In view of this, what theology of salvation could possibly be adequate to address this existential paradox? To be clear, I don’t mean by this question the much weaker problem of how to live a relatively decent life that measures up to our desires as we have limited them. What I am pointing at here is the crushing desire that leaves a lump in your throat and that makes all of life seem but a monotone facade once it has been experienced. C.S. Lewis points to this form of desire in his description of his first encounter with what he later came to call “joy.” His recounting is worth quoting at length.

As I stood beside a flowering currant bush on a summer day there suddenly arose in me without warning, and as if from a depth not of years but of centuries, the memory of that earlier morning at the Old House when my brother had brought his toy garden into the nursery. It is difficult to find words strong enough for the sensation which came over me; Milton’s ‘enormous bliss’ of Eden (giving the full, ancient meaning to ‘enormous’) comes somewhere near it. It was a sensation of course, of desire; but desire for what? not, certainly, for a biscuit tin filled with moss, nor even (though that came into it) for my own past.…[A]nd before I knew what I desired, the desire itself was gone, that whole glimpse withdrawn, the world turned commonplace again, or only stirred by a longing for the longing that had just ceased. it had taken only a moment of time; and in a certain sense everything else that had ever happened to me was insignificant in comparison. (Surprised by Joy, 16.)

Leaf on Frozen Lake Reno Near Glenwood MN It is possible that my reader will have no idea of what I am now referring to. This is to be expected since the great majority of our lives tends to be a focus on much more attainable and less puzzling objects of desire. Yet it is my claim that behind these particular desires there stands an unlimited desire in which all particular desires find their home and are given their meaning. Much more will be said about this in the coming sections, but for now, get in your mind the desire that drives adventurers and makes you long to be adventurous. Think also of the desire that moves all lovers and makes you want to be in love.

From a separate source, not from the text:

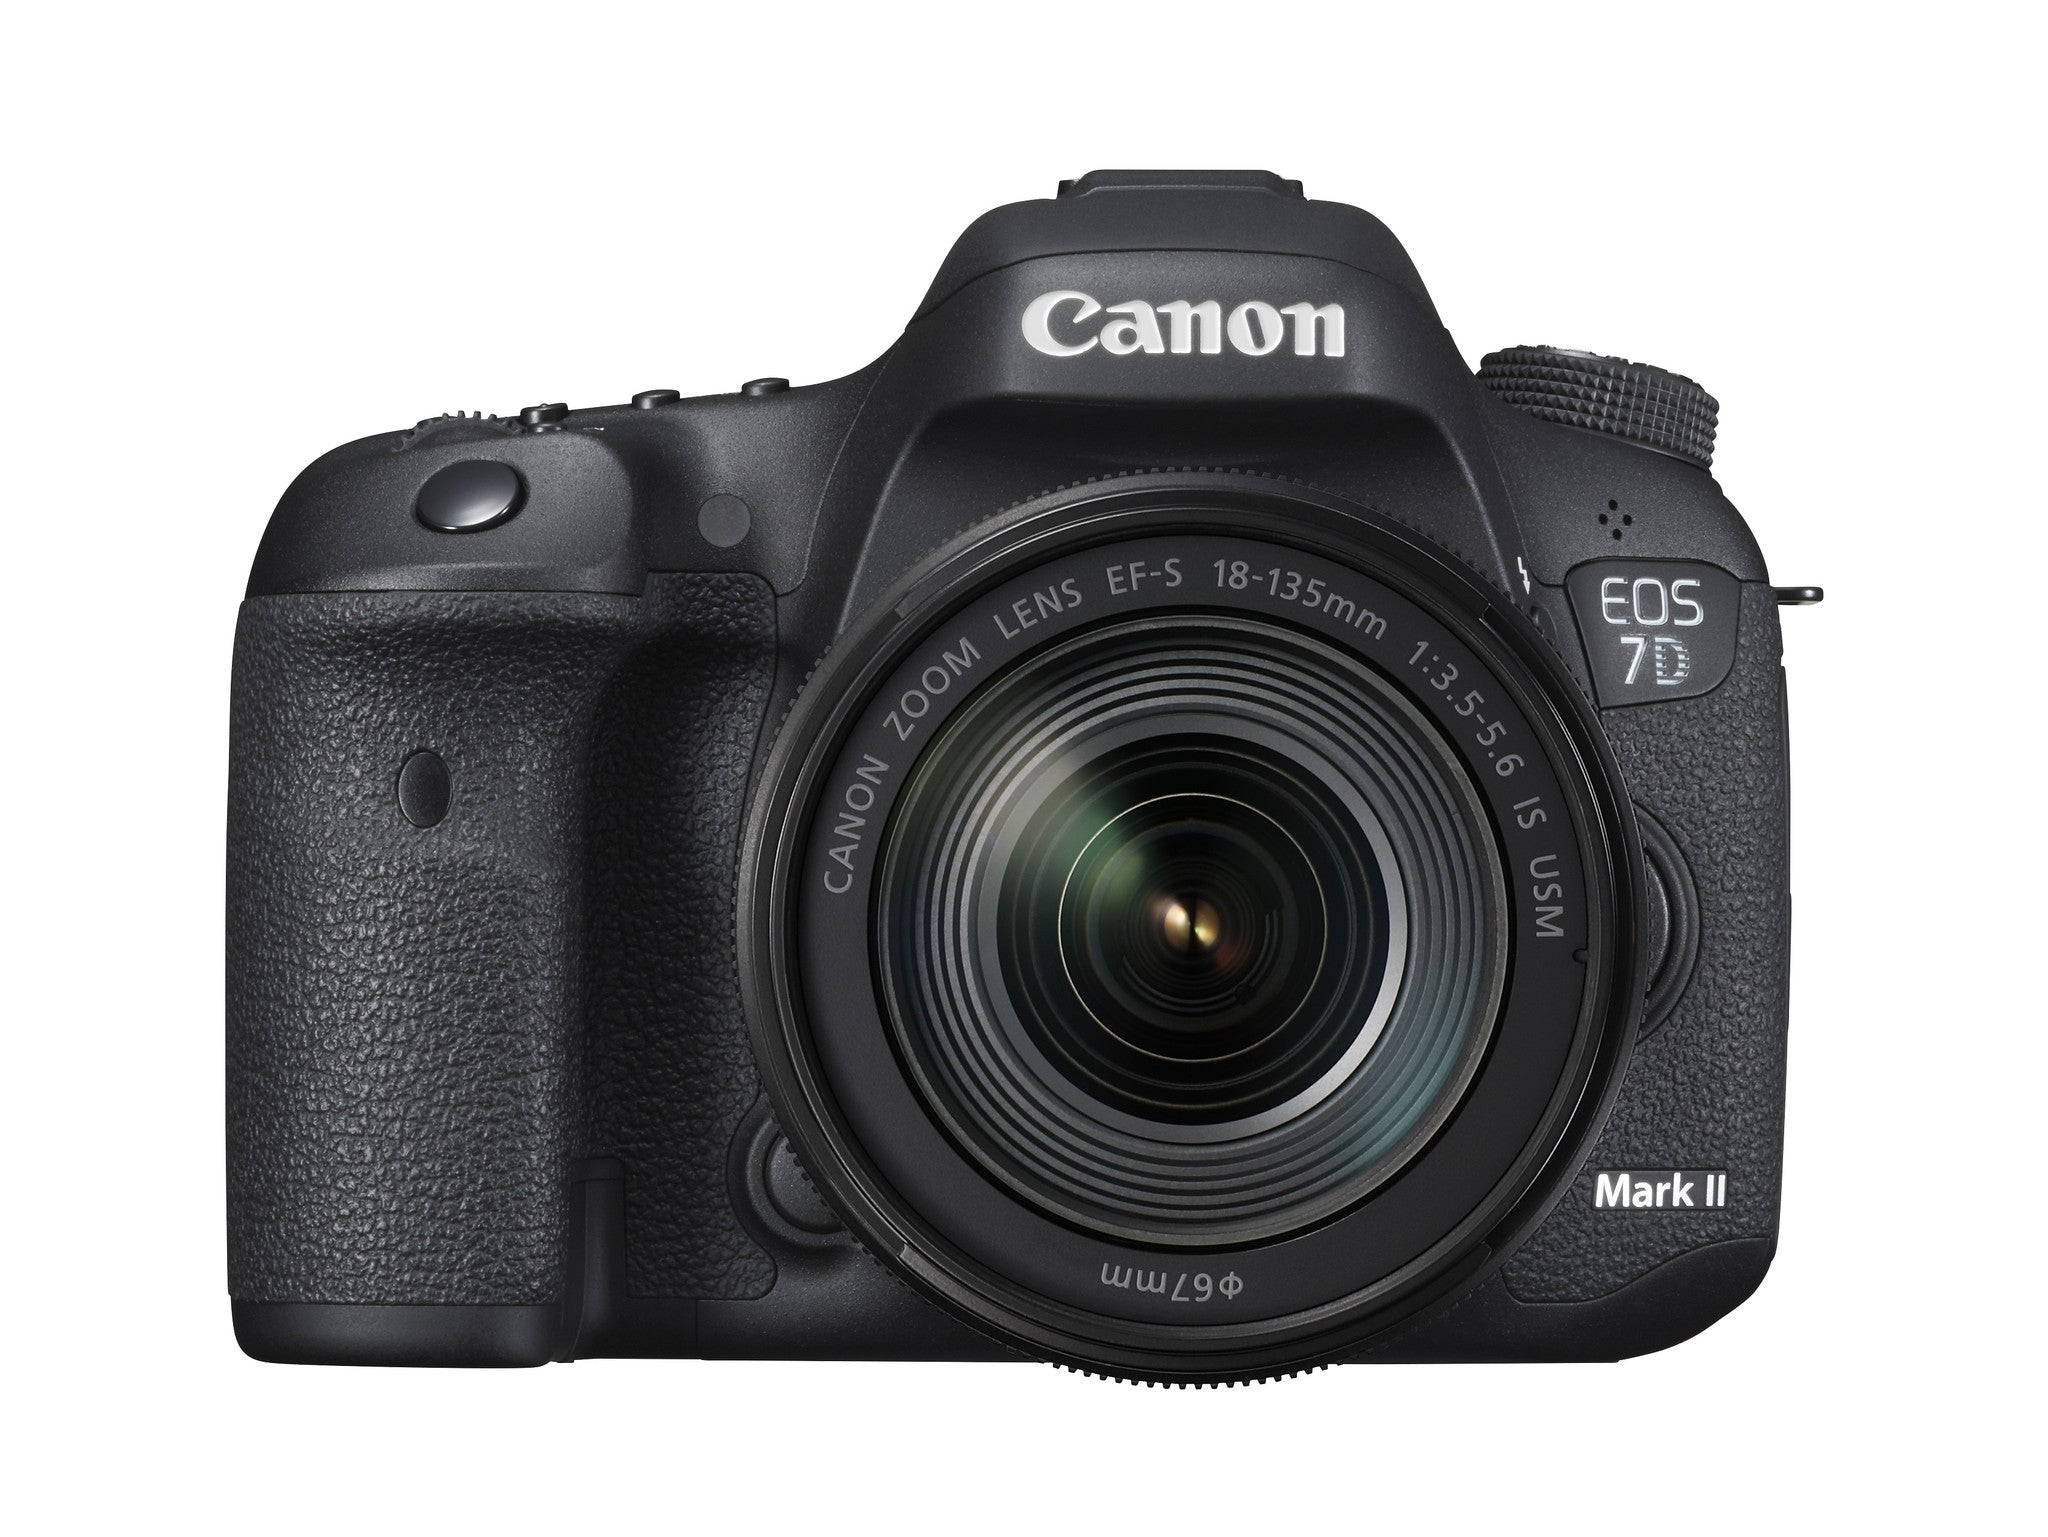 Canon EOS 7D Mark II EF-S 18-135mm f/3.5-5.6 IS USM Digital SLR Camera Wi-Fi Adapter Kit, camera dslr cameras, Canon - Pictureline  - 4

Such a form of desire is a problem because nothing in this world can satisfy it. And because its relationship to all other particular desires, as their ground and end, all particular desires are likewise caught up in the problem. We are left with a dilemma: Either we can avoid having the sweetness of this deep desire awoken in us and thereby attempt to avoid the ache of its lack of fulfillment in this life (like Tolkien’s Hobbits [with the exception, perhaps, of those of Tookish descent] we can steadfastly refuse to go on adventures!), or, on the other hand, we can open ourselves to this desire, knowing that in this life heartache will be our constant companion. I ask again, what theology of salvation could address such a situation?

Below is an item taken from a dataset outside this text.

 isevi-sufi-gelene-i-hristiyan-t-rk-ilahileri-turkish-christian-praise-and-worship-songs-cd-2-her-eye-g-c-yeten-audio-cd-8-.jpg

This chapter will be an attempt to articulate an attempt to respond to this question. In chapter two we developed an anthropology by way of the psychological insights of Ernest Becker and Robert Kegan. There we learned that growth amounts to a repeating pattern of self-protective self-limitation and transcendence of these same limitations leading to greater freedom to explore new potential in thought and action. In chapter three we dealt with the question of truth from the dual perspective of reflection and response. There we learned that both he reflective and responsive activities of reason progress through a series of stages whereby the activities of criticism and doubt force reason into a paradox that cannot be met according to the resources of its current stage of reflection or response, but can only be transcended. The criticism and doubt from the previous stage are in this way answered, but not on the same plane upon which they had operated. In both cases a form of death preceded new life. Previous forms of knowing, desiring and relating were sublated into a more complex and embracing way of being.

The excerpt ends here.